**Data block:**
——
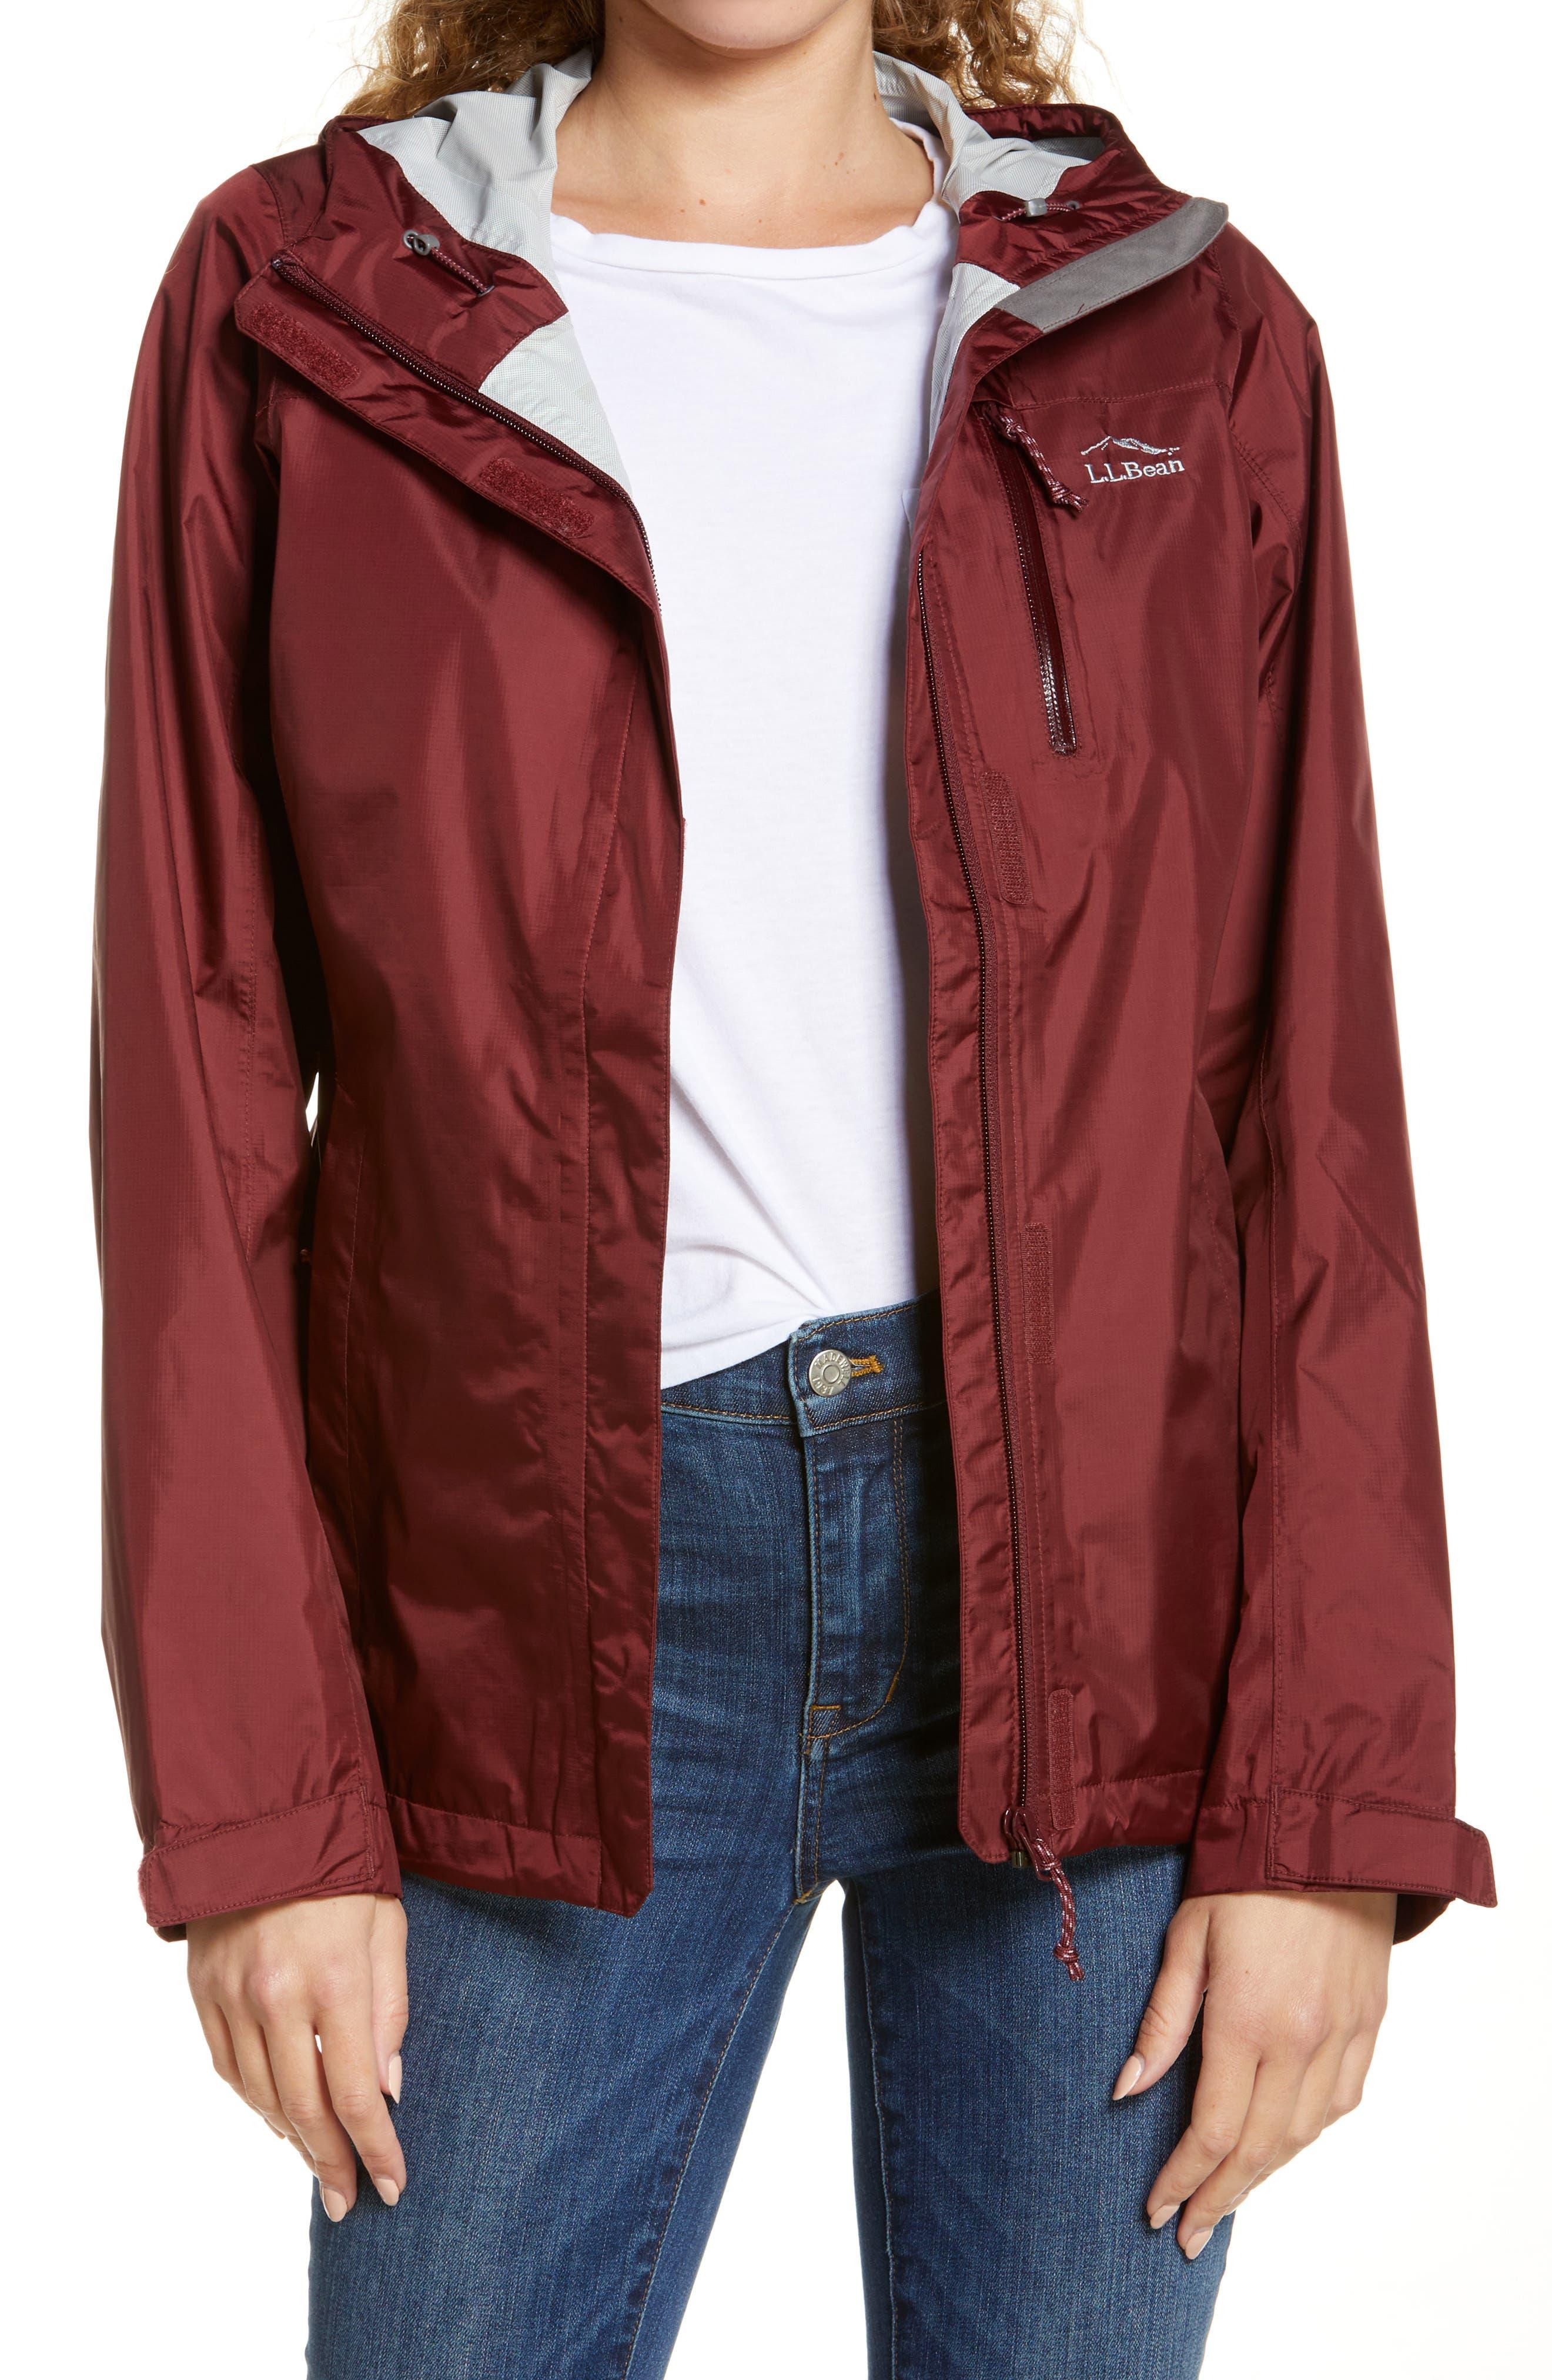 Women's L.l. Bean Trail Model Water Resistant Packable Rain Jacket
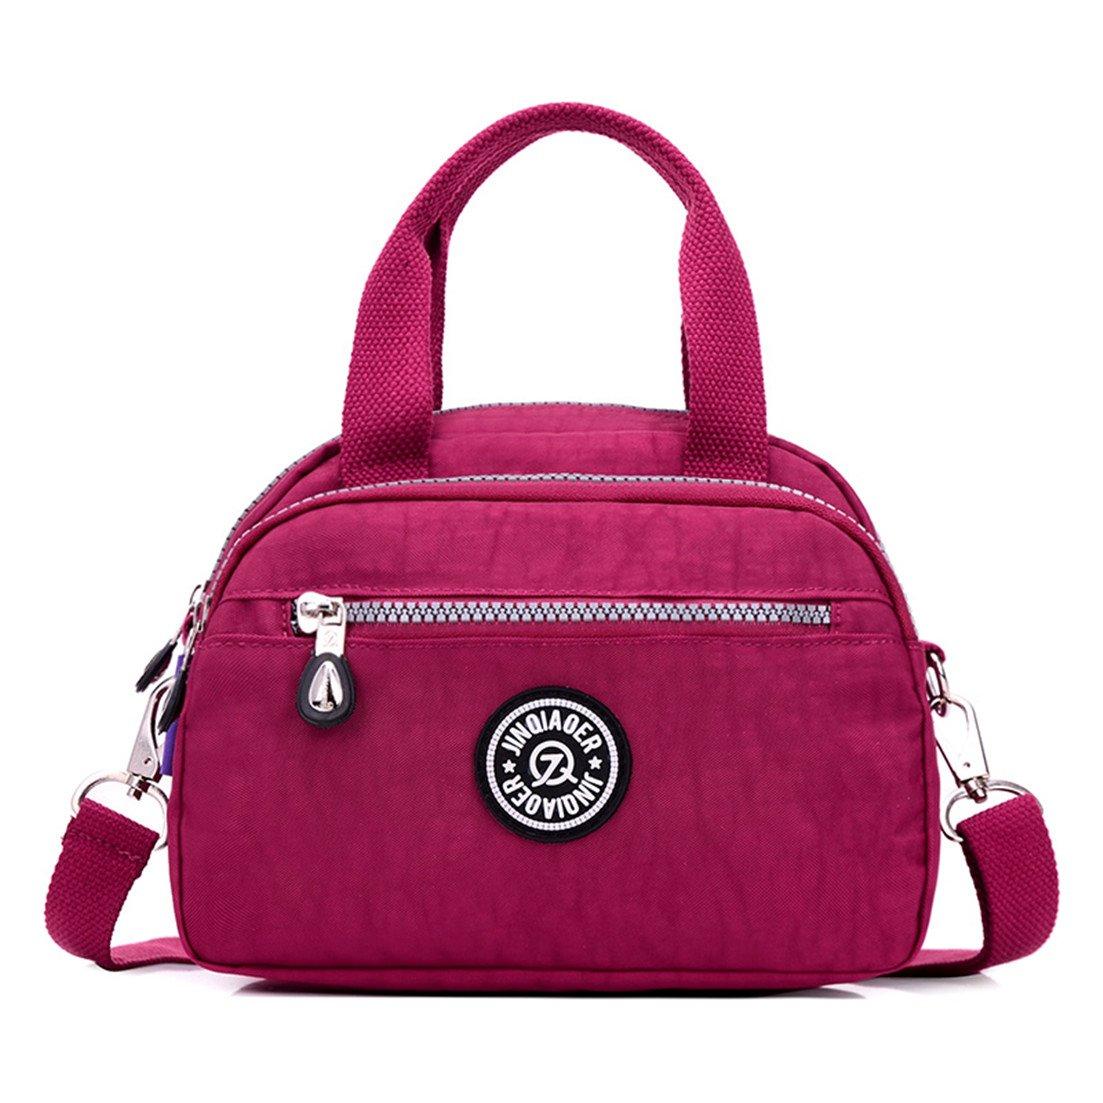 TianHengYi Girls Casual Small Nylon Cross-body Shoulder Bag Multi Pockets Lightweight Handbags & Purses 3120 Claret
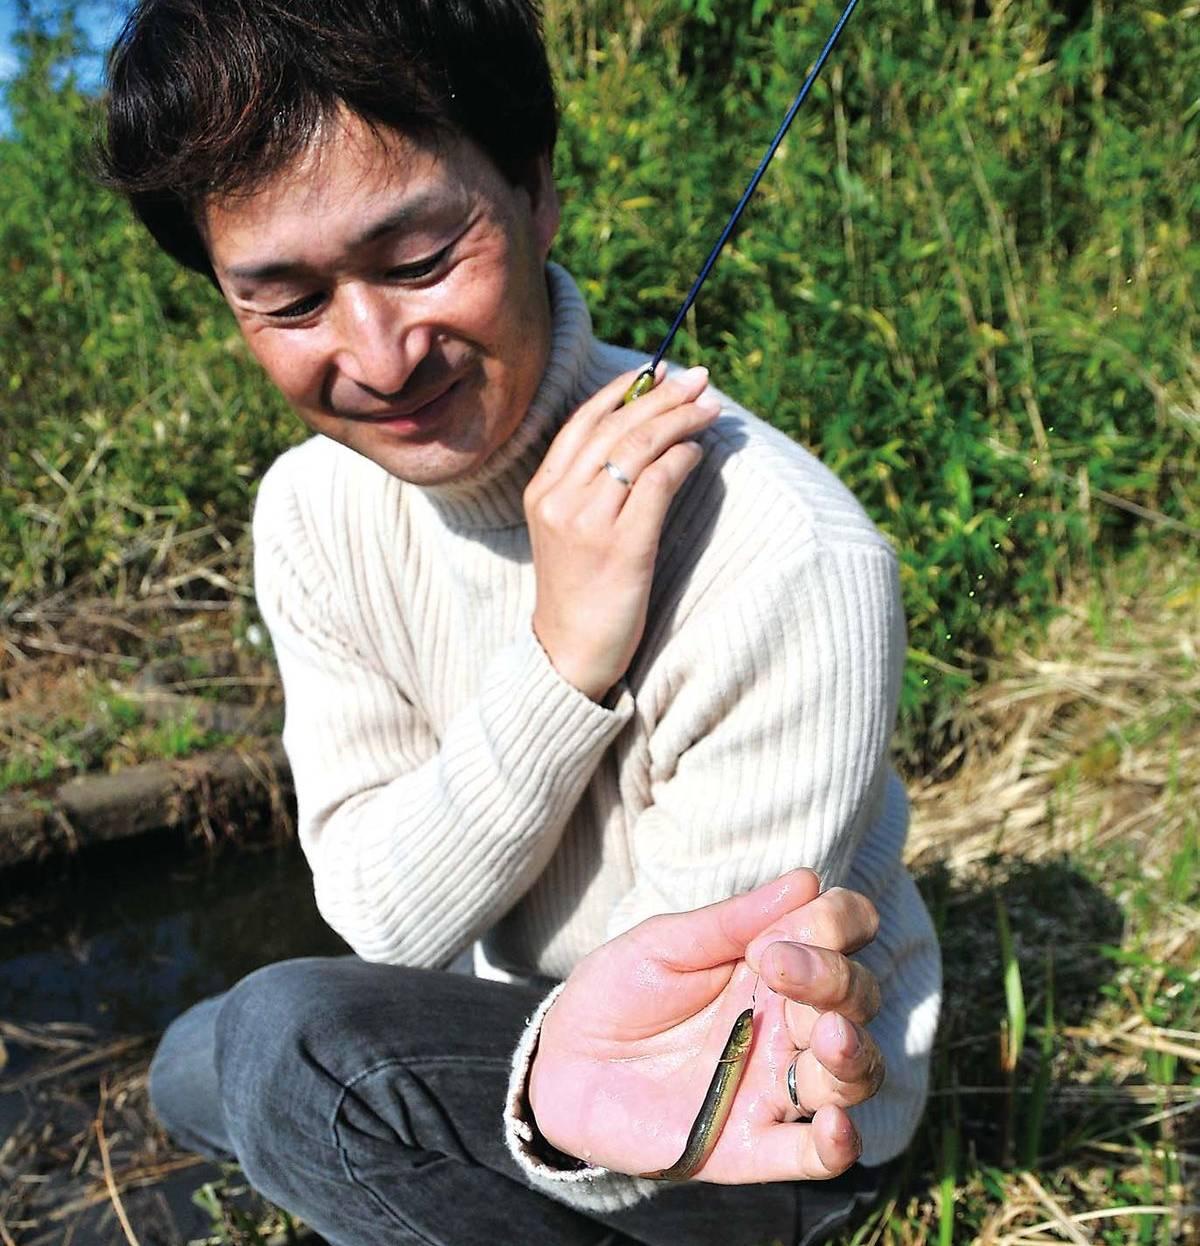 032-035higashiura_cs6 (21)
——
**Task prompt:** The output must start at the line holding "TianHengYi Girls Casual", end at the last line of the listing above, and show each line exactly; please omit all pictures.

**Exercise solution:**
 TianHengYi Girls Casual Small Nylon Cross-body Shoulder Bag Multi Pockets Lightweight Handbags & Purses 3120 Claret
 032-035higashiura_cs6 (21)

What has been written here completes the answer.